IF 0.6 Q4 ORTHOPEDICS Pub Date : 2025-03-01 DOI: 10.5704/MOJ.2503.009
E Veizi, N Cay, B S Sezgin, A Sahin, A Firat, M Bozkurt

Introduction: Anterior cruciate ligament (ACL) reconstruction is a commonly performed surgical procedure. The objectives of this retrospective comparative study are (1) to evaluate the obliquity, size and the intra-articular aperture shape of the tibial tunnel in patients operated with an anteromedial portal technique, and (2) to determine their possible relation with revision surgery.

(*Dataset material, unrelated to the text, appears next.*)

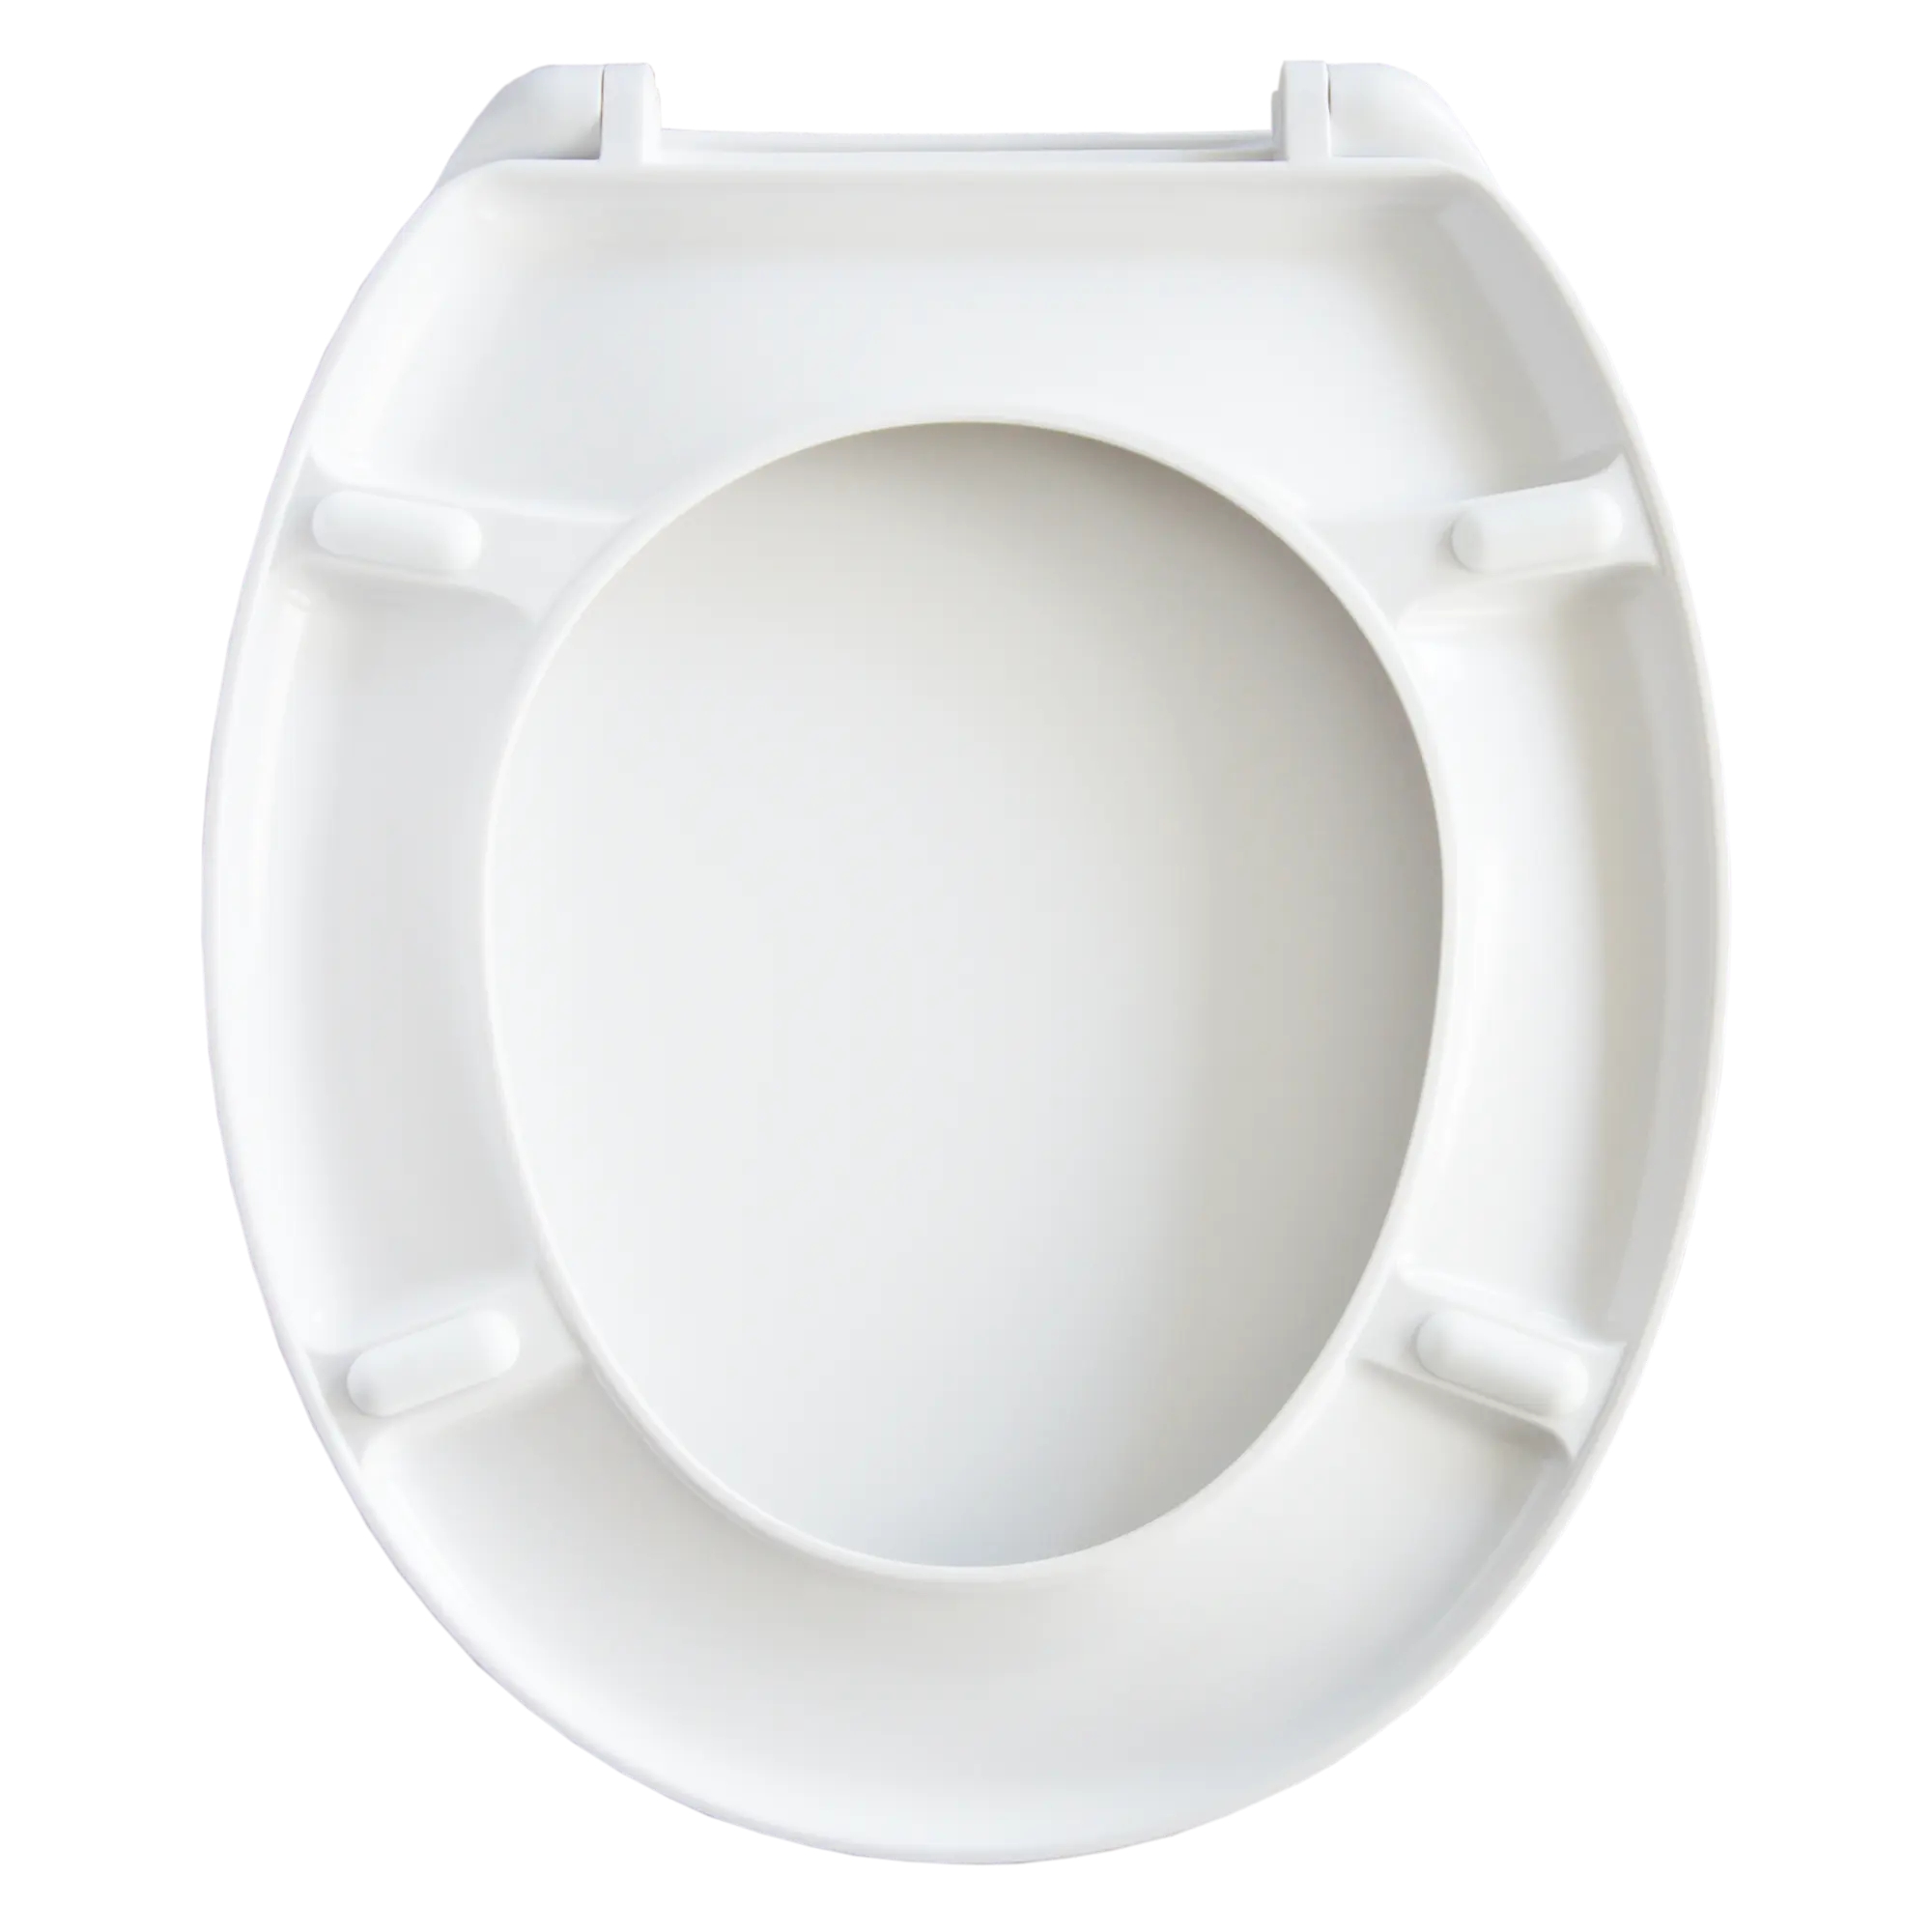 Copriwater ovale Universale Easy SENSEA duroplast bianco - 5

Material and methods: Patients operated for a primary ACL reconstruction between 2014 and 2018 were eligible. All patients of primary and revision ACL fulfilling the inclusion criteria were assessed for presence of a knee CT scan within one month of surgery and at least three years of follow-up. Several radiological parameters were measured for the study, among which: Tunnel height, Coronal tunnel angle, Maximal tunnel width and Sagittal tunnel inclination. Multivariate analyses were performed to identify parameters correlated with revision.

Results: Mean age of the primary group was 30.5±8.4 versus 29.4±8.0 of the revision group. The majority of patients were males in both groups (n=33, 76.7% and n=38, 95.0%, respectively). A longer diameter of the intra-articular ellipse (p=0.005) and an increased mid-tunnel to TT distance on the axial plane (p=0.006) were significantly correlated with revision. A ROC curve analysis determined a cut-off value of 27.9mm from the tubercle was an optimal entry point.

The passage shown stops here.